GPT2 From Scratch For Dummies!

Posted on Mar 1, 2025

GPT-2 Implementation From Scratch For Dummies!

If you ever had trouble understanding the code behind the attention and the research paper’s complex code, this is for you.

In this post, I break down the inner workings of a GPT-2 model—from token embeddings and positional encodings to multi-head self-attention and MLP blocks. I’ll try to “dumb” things down and explain the details and intution behind the each line of the code as much as I can, if you’re a dummy like me, I hope this helps.

1. Input & Token Embeddings

The input to LLMs is a batch of sequences, so usually the input is a matrix of shape (batch_size B, sequence_length T).

B represents the batch size, T represents the number of tokens in a specific sequence.

2. Token Embedding Layer

First layer is the token embedding layer with the shape of (vocab_size V, hidden_size C):

vocab_size: Total number of tokens in our vocabulary
hidden_size or n_embd: number of dimension we want to embed each to token to. For example if hidden_size = 768 then each token would be represented with a vector of 768 entries.

3. Token Embedding Output

After going through the token embedding layer (This operation is not matrix multiplication, it’s more of a look up table), the resulting output has the shape (batch_size B, sequence_length T, hidden_size C).

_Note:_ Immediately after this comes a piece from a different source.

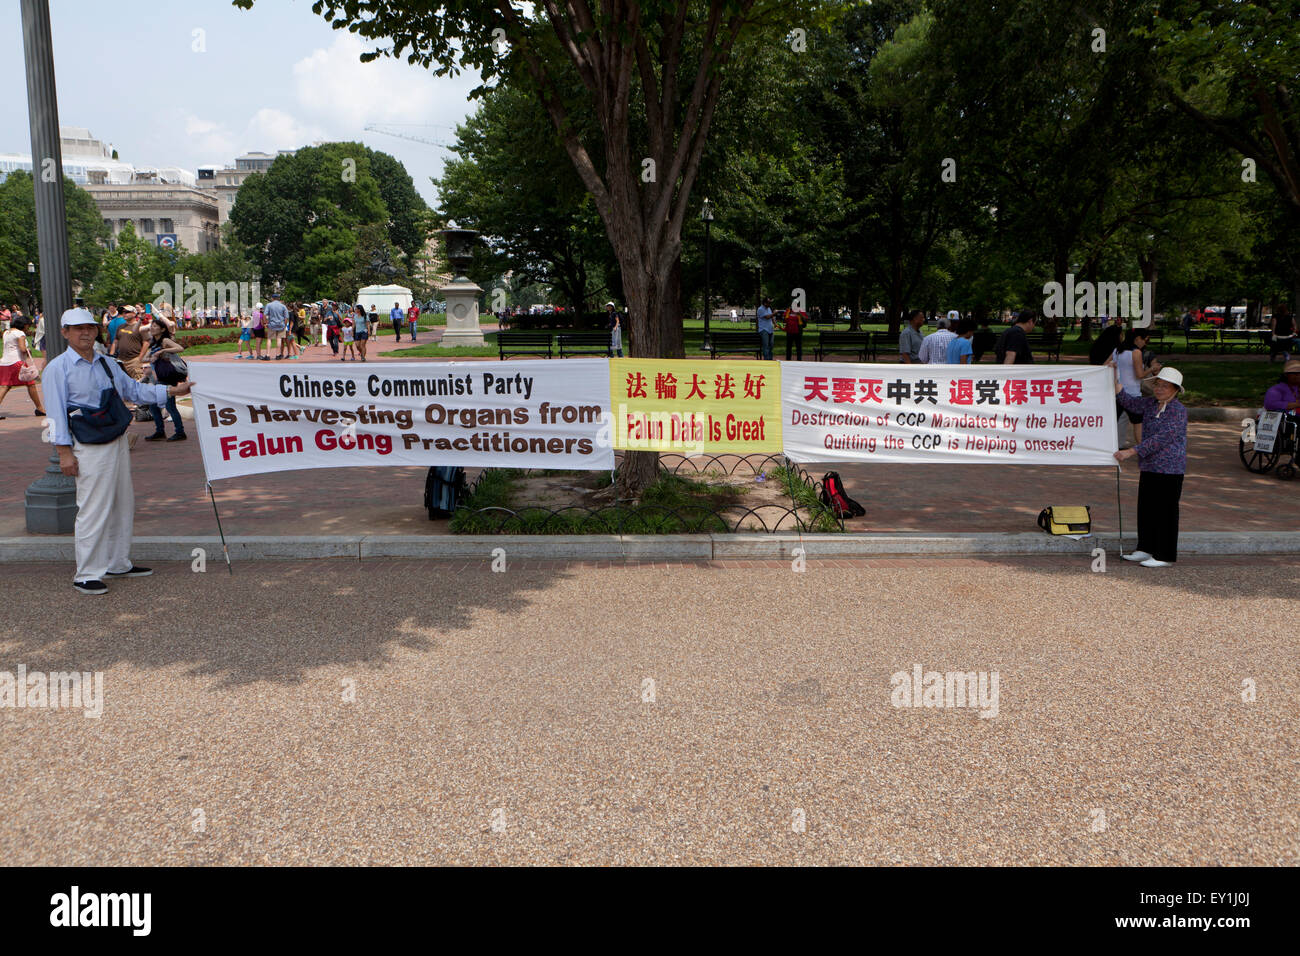 Falun Gong practitioners protesting against Chinese Communist party - Washington, DC USA Stock Photo

This happens because now we go through the batches, in every batch we have a sequence of tokens with tokens being numbers ranging from 0 to vocab_size - 1 and now we replace each token with a vector of size hidden_size C.

4. Positional Encoding

Next layer is the positional encoding layer with the shape of (sequence_length T, hidden_size C).

This means that each position in the sequence will have an embedding representation to give it meaning.

No need to pass any input through the position embedding, it is used to be added after the input comes out from word token embedding layer.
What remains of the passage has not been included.